His first novel, The Spoilers was based on a true story of corrupt government officials stealing gold mines from prospectors, which he witnessed while he was prospecting in Nome, Alaska.[1] The Spoilers became one of the best selling novels of 1906.
His adventure novels were immensely popular throughout the early 1900s. Beach was lionized as the "Victor Hugo of the North," but others found his novels formulaic and predictable. Critics described them as cut from the "he-man school" of literature: stories of "strong hairy men doing strong hairy deeds." Alaska historian Stephen Haycox has said many of Beach's works are "mercifully forgotten today." [2]
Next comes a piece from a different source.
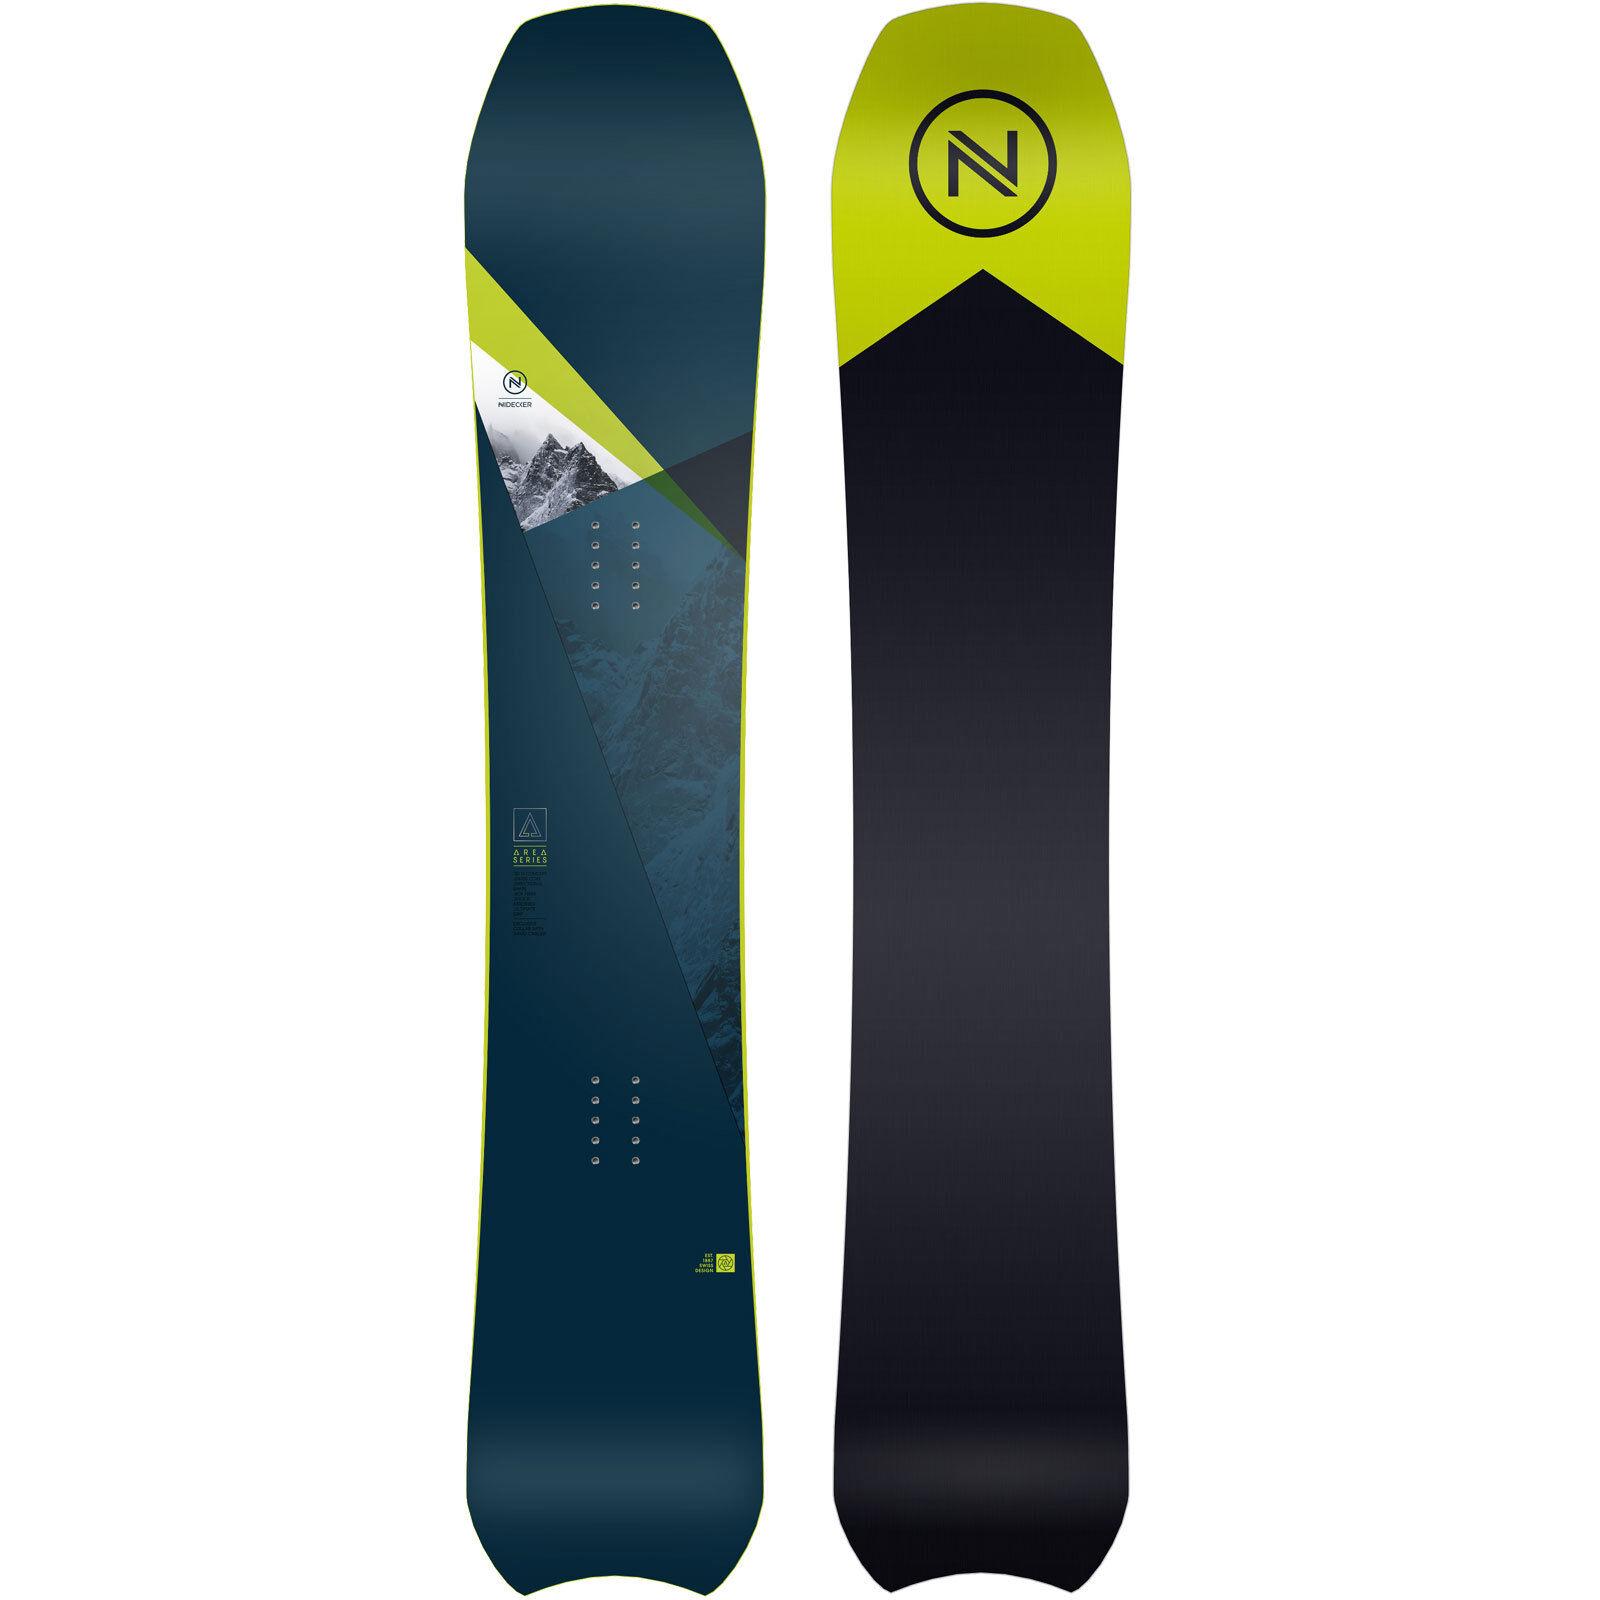 Nidecker Área Hombres Snowboard Freeride Alpino All Mountain 2019 Nuevo

One such potboiler, The Silver Horde (1909), is set in Kalvik, a fictionalized community in Bristol Bay, Alaska, and tells the story of a down on his luck gold miner who discovers a greater wealth in Alaska's run of salmon (silver horde) and decides to open a cannery. To accomplish this he must overcome the relentless opposition of the "salmon trust," a fictionalized Alaska Packers' Association, which undercuts his financing, sabotages his equipment, incites a longshoremen's riot and bribes his fishermen to quit. The story line includes a love interest as the protagonist is forced to choose between his fiance, a spoiled banker's daughter, and an earnest roadhouse operator, a woman of "questionable virtue." Real life cannery superintendent Crescent Porter Hale has been credited with being the inspiration of The Silver Horde but it's unlikely Beach and Hale ever met.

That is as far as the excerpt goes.